Но вот художник уехал и заболел. Казалось, лишь чудо вырвало его из объятий беды. Бледная смерть только взглянула на него серьезными очами и прошествовала мимо на удивление спокойной походкой, — одинокая,
Кое-как оправившись, наш юный герой возвратился в горы. Бодро одолел отчаянный переход в Альпах, превозмог голод, жажду, усталость. Осень застала его в очаровательном городишке, вписавшемся в прелестное междухолмие, где он продолжал свое усердное совершенствование. Здесь возник у него этот мягкий и теплый виноградник на склоне горы, прозрачный и легкий по линиям и краскам, скорее придуманный или увиденный во сне, чем написанный с натуры, хотя и увитая лозой беседка, и хмурая полоска леса наверху были переданы верно. Потом — коричнево-бурая в вечереющих сумерках поленница на фоне темно-зеленых елей. И задумчивый вечерний пейзаж за окном, окаймленным прозрачной и как призрак белеющей гардиной. И многое другое. Рука рисовальщика стала вдумчивее, осторожней. Но зрелость еще не пришла, и печать юношеского сомнения заметна еще на картинах. Художник борется с человеком в художнике, и это борьба за правое дело. Если человеку все же хочется оставаться человеком, хочется жить, то художник должен только работать, учиться и переучиваться. К тому же жизнь так бедна и сурова, а природа так богата, земля так прекрасна. Боль за искусство боролась с болью за человека. В забросе и небрежении оказывались то искусство, то человек и мужчина. В то время как художник гневно указывал мужчине на палитру и кисть и кричал: «Твори!» — тот возражал наседавшему художнику: «Как могу я творить, когда мне нечем жить и дышать?»

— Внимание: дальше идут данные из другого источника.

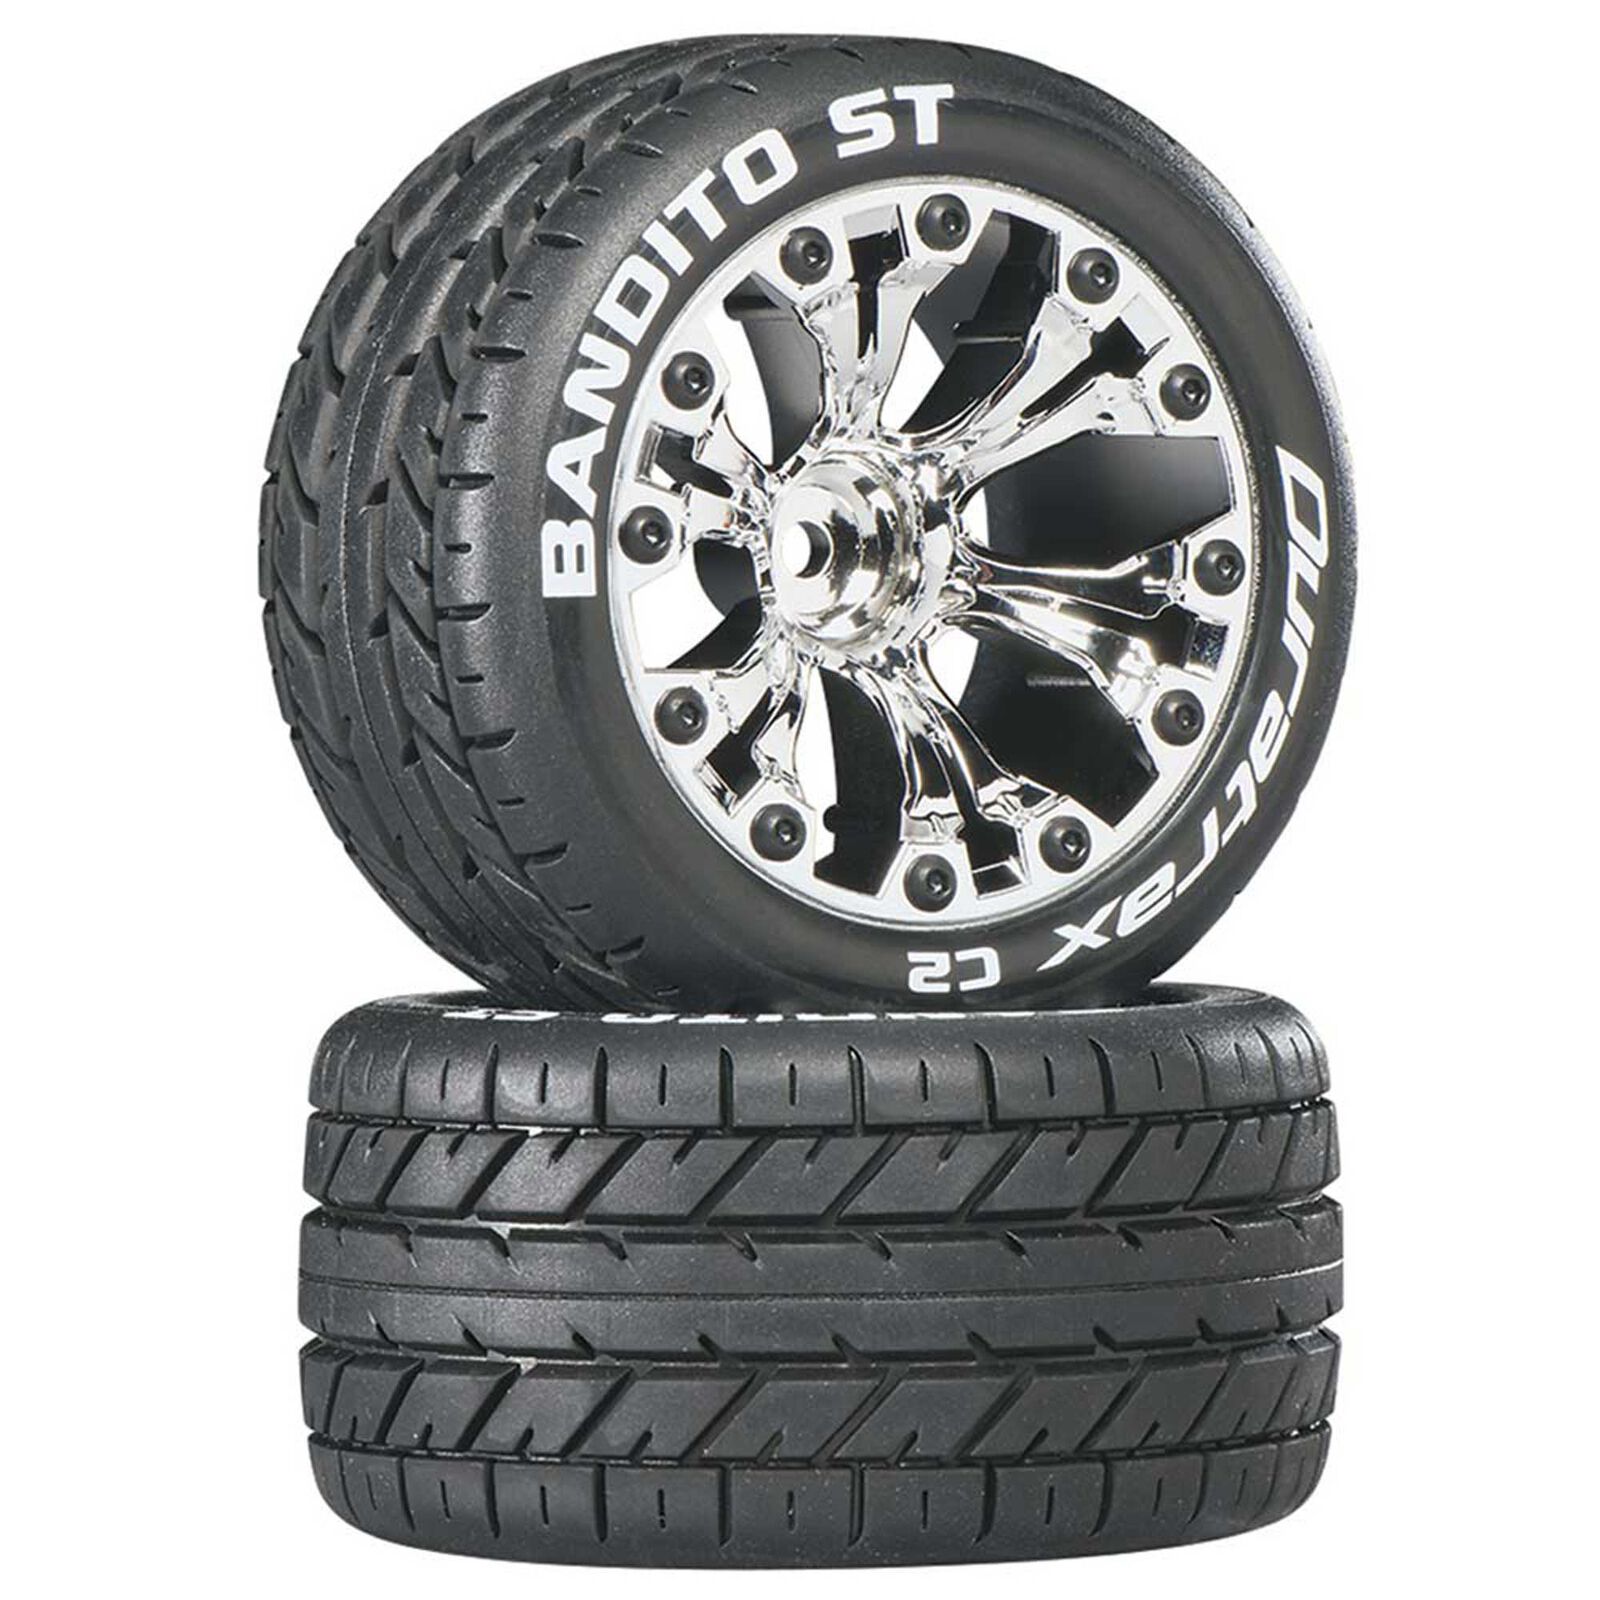 Bandito ST 2.8" Mounted 1/2" Offset C2 Tires, Chrome (2)

И вот этот человек, с младых ногтей испытавший нужду и опасности, знающий, что изнурительный спор, который он затеял, ему придется продолжать всю свою жизнь, что спор этот не отстанет, не отлипнет от него, но будет следовать по пятам, как тень, однажды, будто возвращаясь из дальних странствий, попал в один дом.

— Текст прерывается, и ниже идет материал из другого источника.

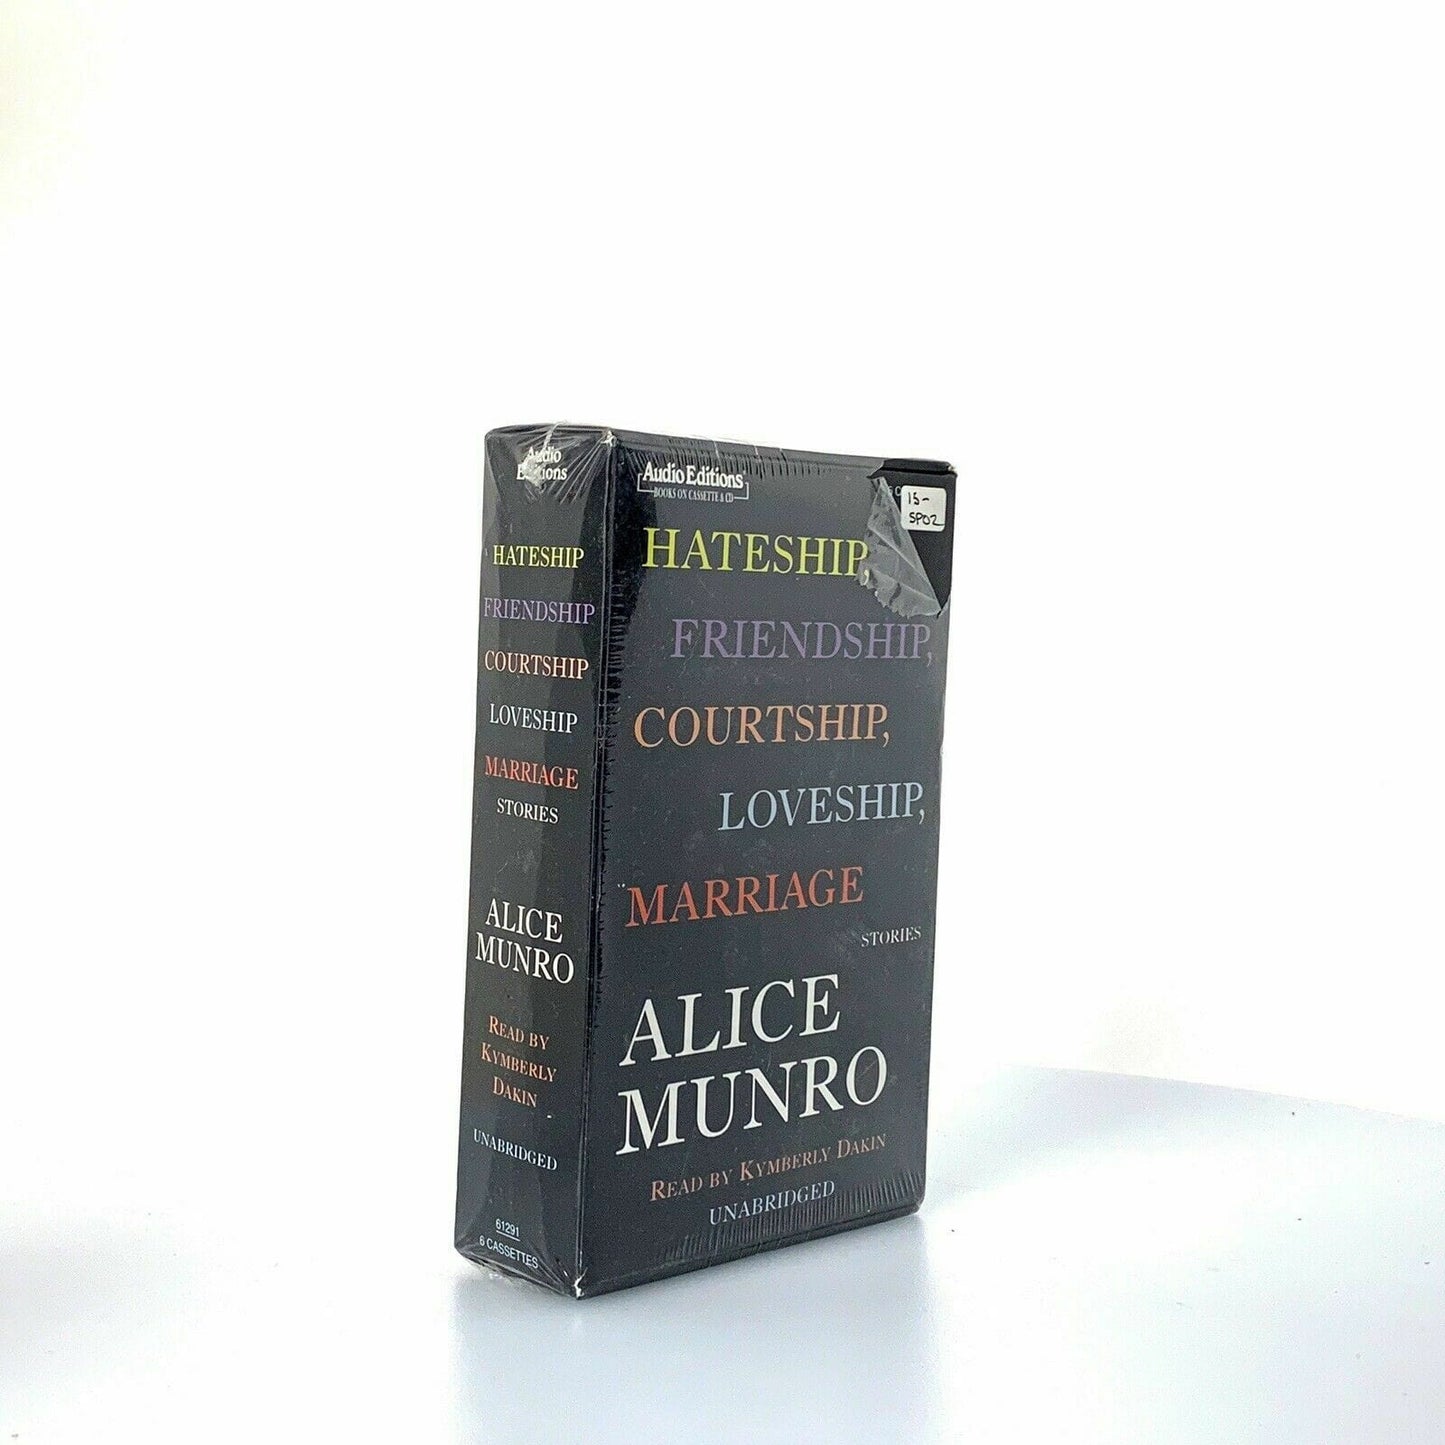 Alice Munro Hateship, Friendship, Courtship, Loveship, Stories Audiobook On Tape

Во всем поведении его сквозила решимость безусловного подчинения себя чему-то высокому. Так марширует отслуживший солдат, отменно проявивший себя на поле брани, — незлобливо, даже расслабленно, но спокойно и твердо. Кто выдержал испытание битвой, не станет важничать и задаваться. Озабоченность — вот лучшая одежда для молодого человека. Спокойно, без громких слов перенесенное душевное и физическое напряжение подобно благородству осеняет человека, оно сказывается в малейшем жесте. Повадки борца, без сомнения, прекраснее, чем манеры прожигателя жизни. Мужественность и тонкость его понравились хозяйке дома. Она полюбила его и не сумела от него это скрыть.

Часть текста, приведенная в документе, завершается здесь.